> [INPUT DATA]
▬▬▬▬▬▬▬▬▬▬

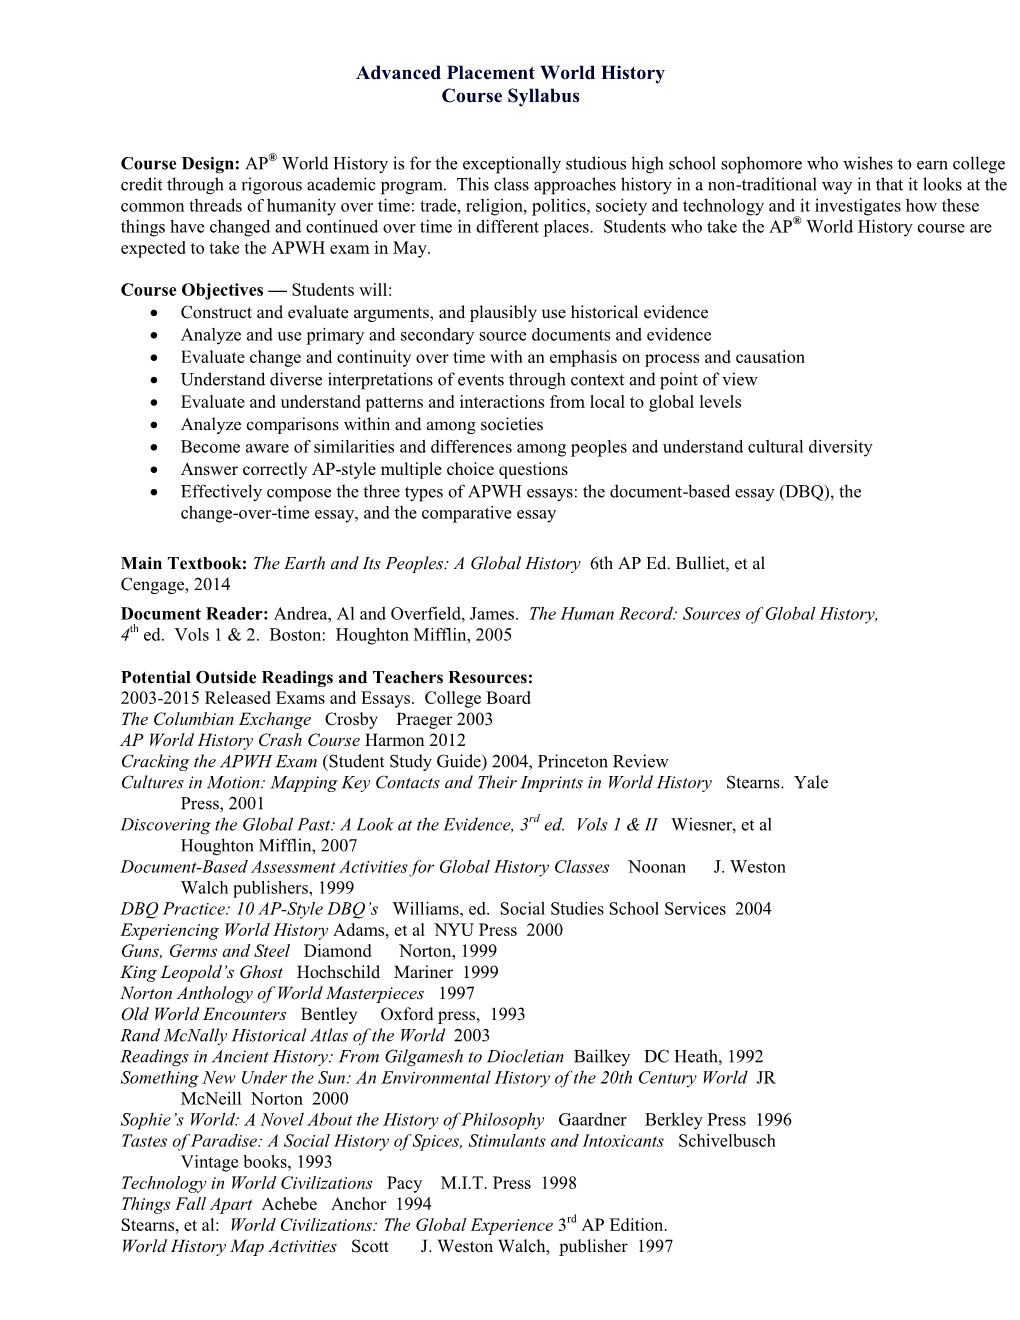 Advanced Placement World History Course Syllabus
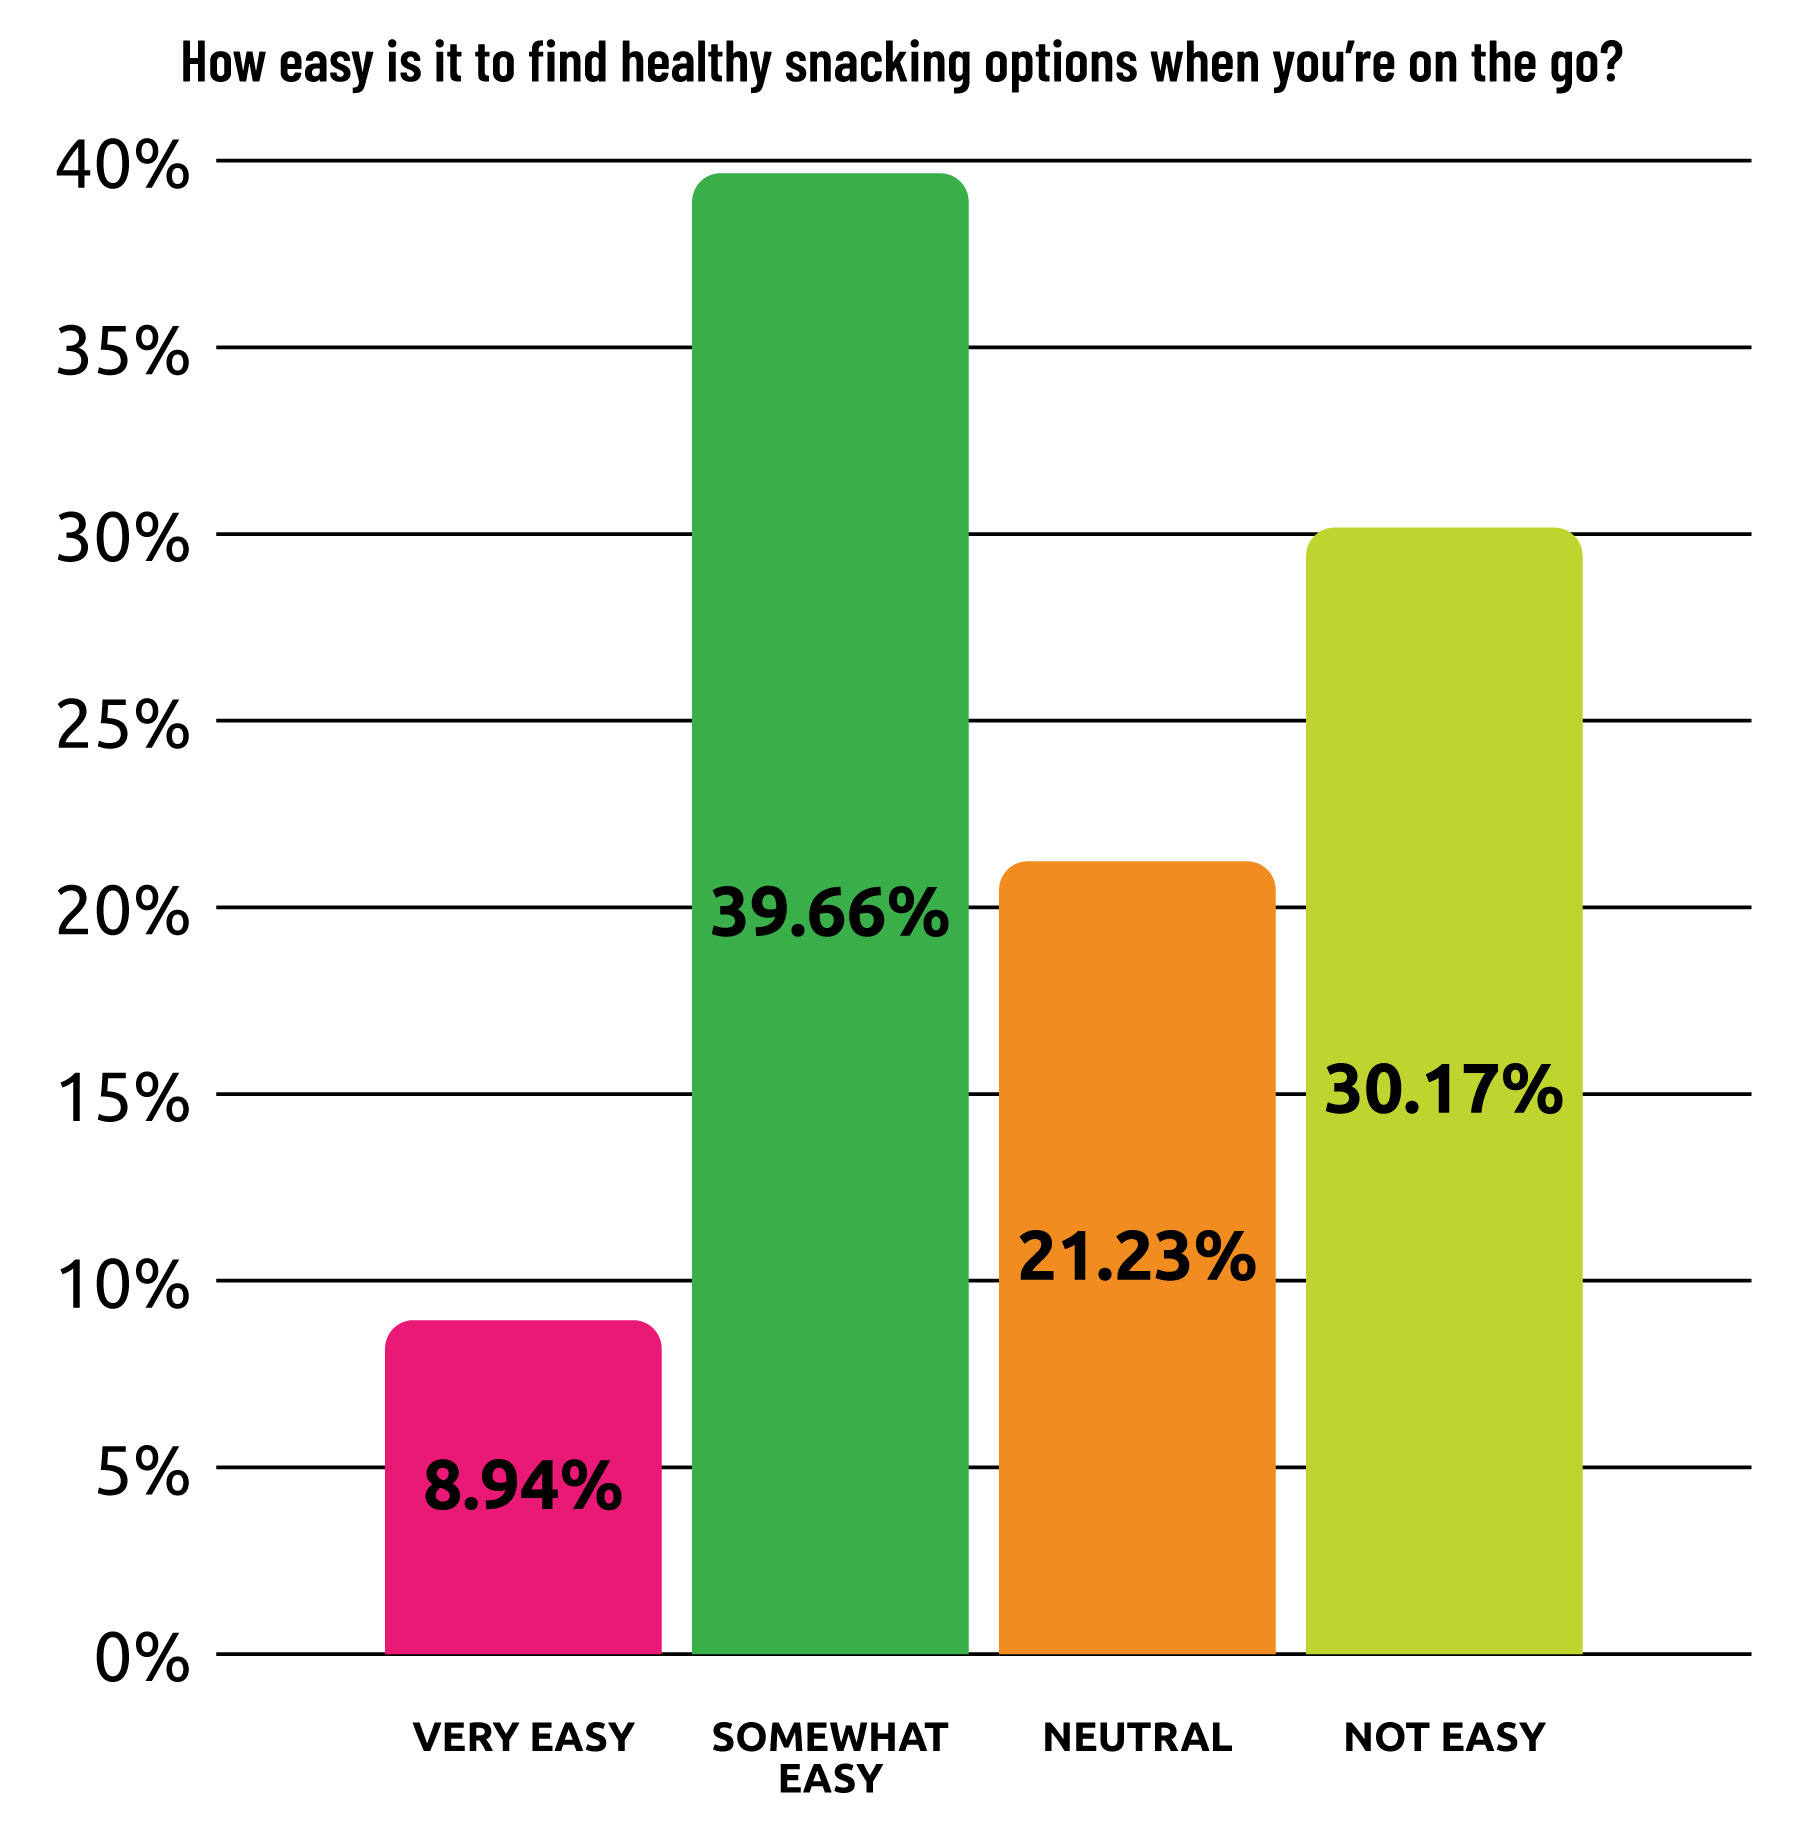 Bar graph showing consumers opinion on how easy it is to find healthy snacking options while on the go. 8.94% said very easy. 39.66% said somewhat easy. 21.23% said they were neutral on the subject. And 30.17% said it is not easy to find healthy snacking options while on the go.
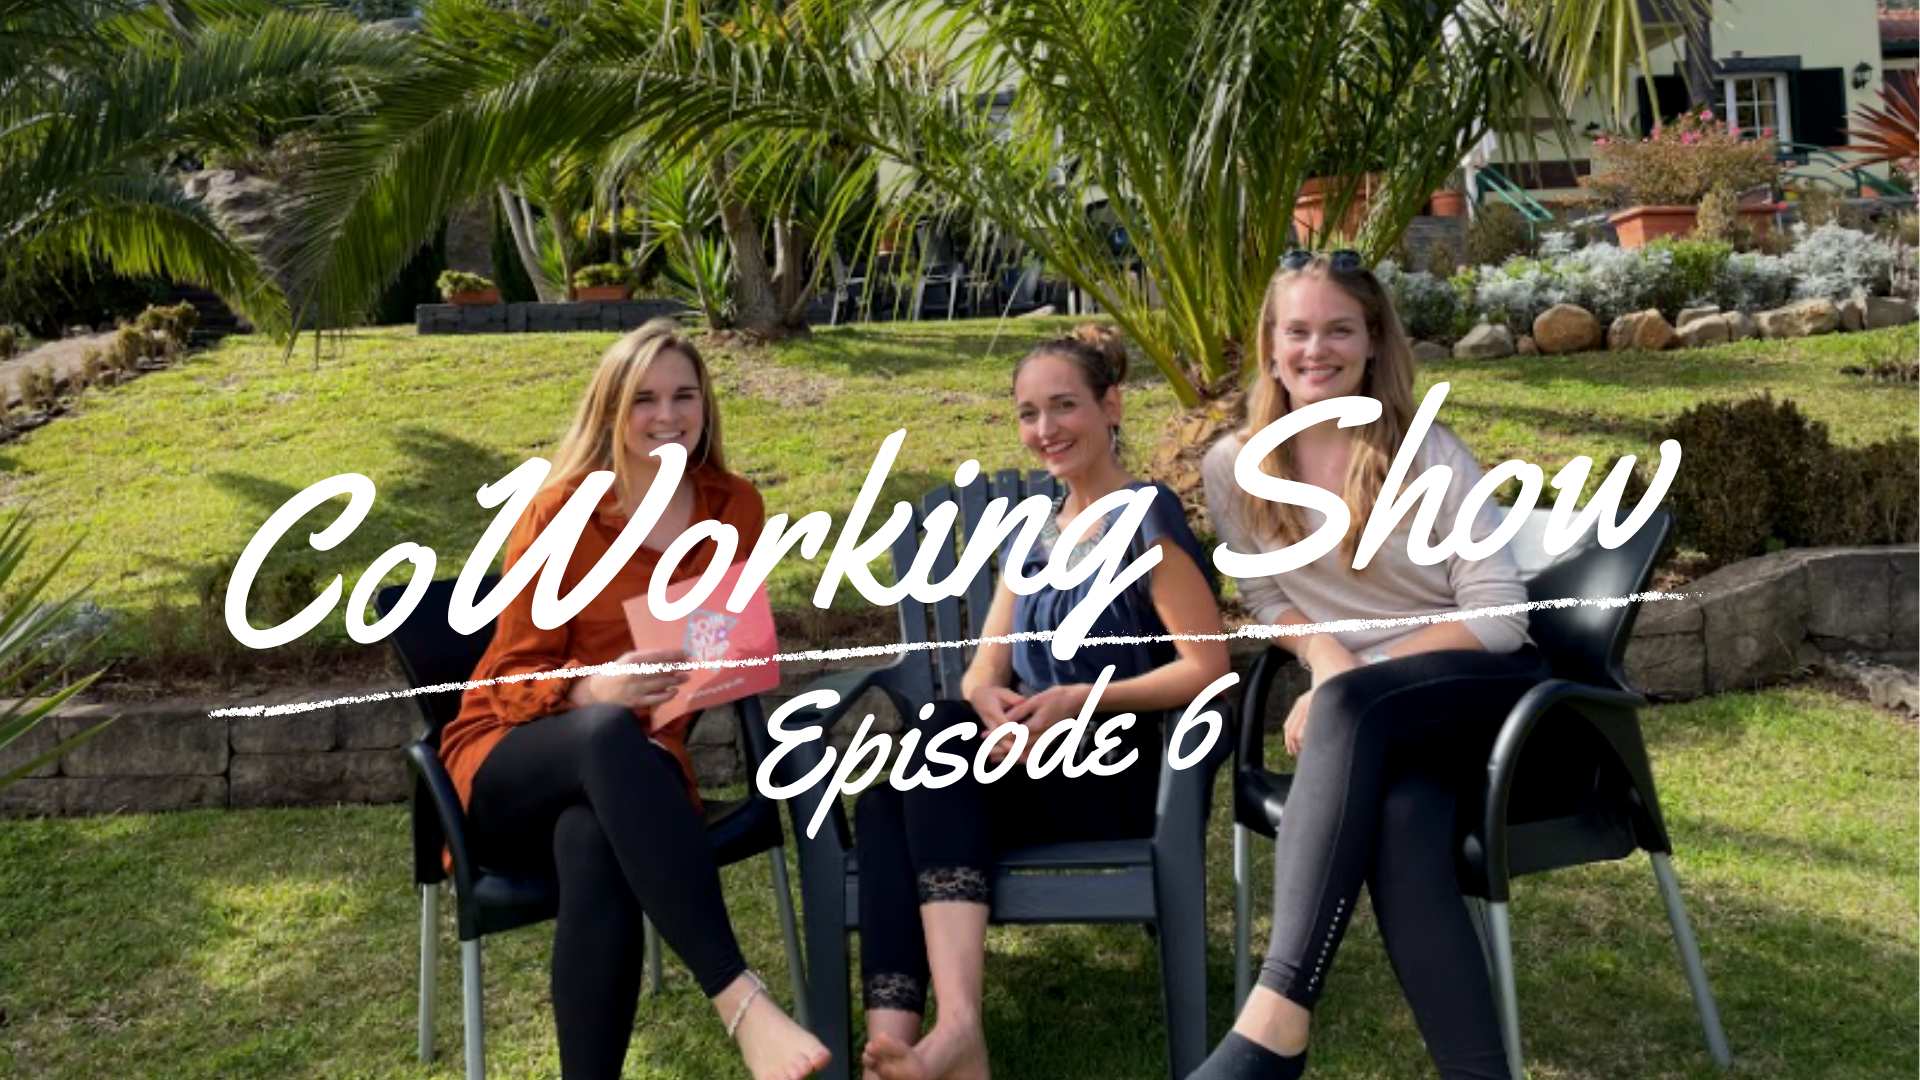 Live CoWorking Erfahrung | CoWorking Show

▬▬▬▬▬▬▬▬▬▬

> [EXERCISE DESCRIPTION]
All of the data is to be reproduced exactly, with the pictures left out.

> [RESPONSE]
 Advanced Placement World History Course Syllabus
 Bar graph showing consumers opinion on how easy it is to find healthy snacking options while on the go. 8.94% said very easy. 39.66% said somewhat easy. 21.23% said they were neutral on the subject. And 30.17% said it is not easy to find healthy snacking options while on the go.
 Live CoWorking Erfahrung | CoWorking Show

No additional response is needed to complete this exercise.